The recovery has so far been driven primarily by USDC, while USDT's contribution remained limited for several more weeks. This is an important detail: dollar liquidity is genuinely returning to the ecosystem, but unevenly so far. Growth in stablecoin market cap alone does not yet imply an immediate shift to BTC buying. Some capital may remain in wallets, flow into DeFi, or wait for a stronger market confirmation.

Taken together, both charts show a key shift: capital has already returned to stablecoins, but has not yet converted into the previous volume of exchange inflow. The liquidity is there, but it has not yet turned into a full trading impulse.

Buy and Hold works until the wrong 30% drawdown destroys your confidence. Weekly Engine helps you stay exposed when conditions are healthy and step aside when risk starts rising - so you can follow a process instead of guessing under pressure. Start 7 days free.

FAQ

Why is the growth in stablecoin market cap not accompanied by an increase in exchange inflow? Growth in market cap reflects an expansion of dollar liquidity within the crypto ecosystem, but does not indicate that these funds are immediately being used to buy BTC. Some capital may remain off exchanges, be distributed across DeFi, or simply be waiting for a more favorable entry point.

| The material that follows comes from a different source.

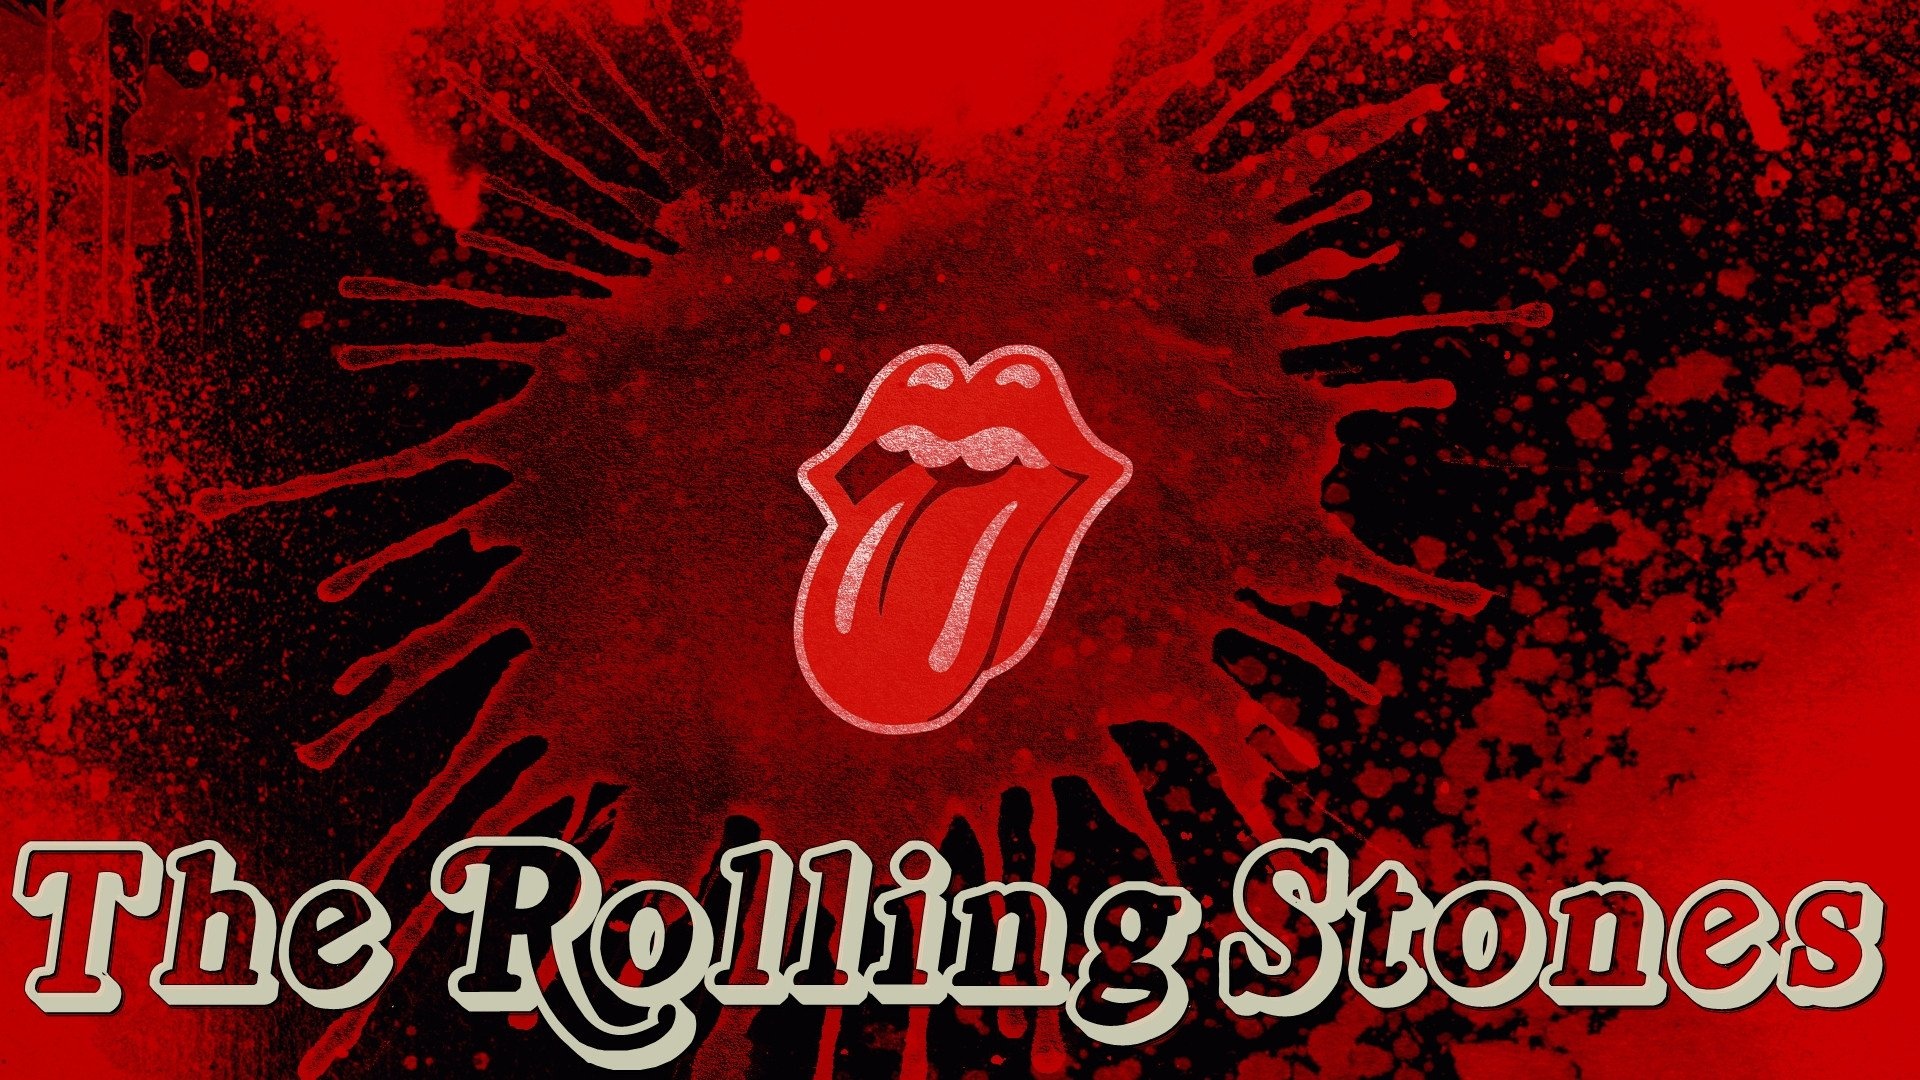 The Rolling Stones, Iconic rock band, Musical legacy, Live album release, 1920x1080 Full HD Desktop

Exchange inflow is a stricter indicator because it shows capital that is already approaching active use in trading.

Under what conditions will this reversal become a bullish signal for BTC? The first condition is a return of the 30DMA exchange inflow above the 365DMA - that is, above approximately $4.05B. The second is more sustained USDT participation in the market cap recovery. Such a combination would signal not just growth in system liquidity, but its transition into broader and confirmed market demand.

CONCLUSIONS

February-March 2026 so far looks like a liquidity recovery phase, not a full acceleration phase. Combined stablecoin market cap has already reversed from -$8.1B to +$4.5B, confirming the return of capital to the ecosystem. But USDC and USDT exchange inflow remains weak: the 30DMA stands at just $2.74B, or 0.68x of the annual norm, with a deficit of approximately $1.3B to the 365DMA level.

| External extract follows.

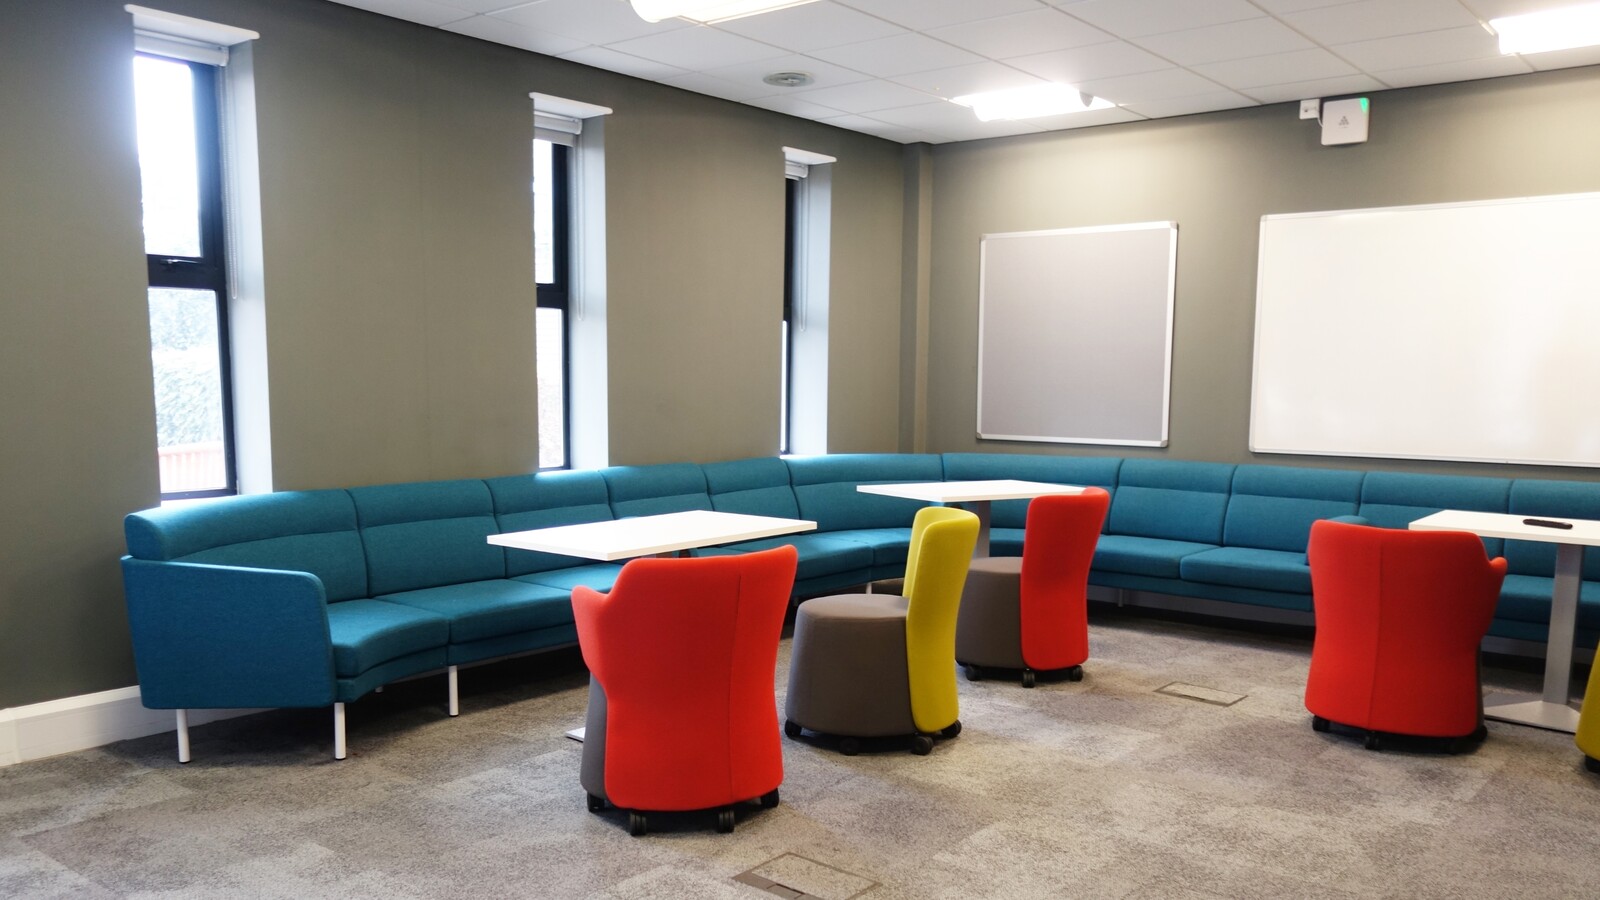 Oxford Brookes University - Wheatley Campus soft seating

The current regime can be described as follows: capital has returned to stablecoins, but has not yet returned in full to exchanges. The key bullish trigger is a recovery of the 30DMA above the 365DMA with broader USDT participation. The key risk is a slowdown in market cap recovery before exchange inflow has had a chance to confirm a transition to stronger BTC demand.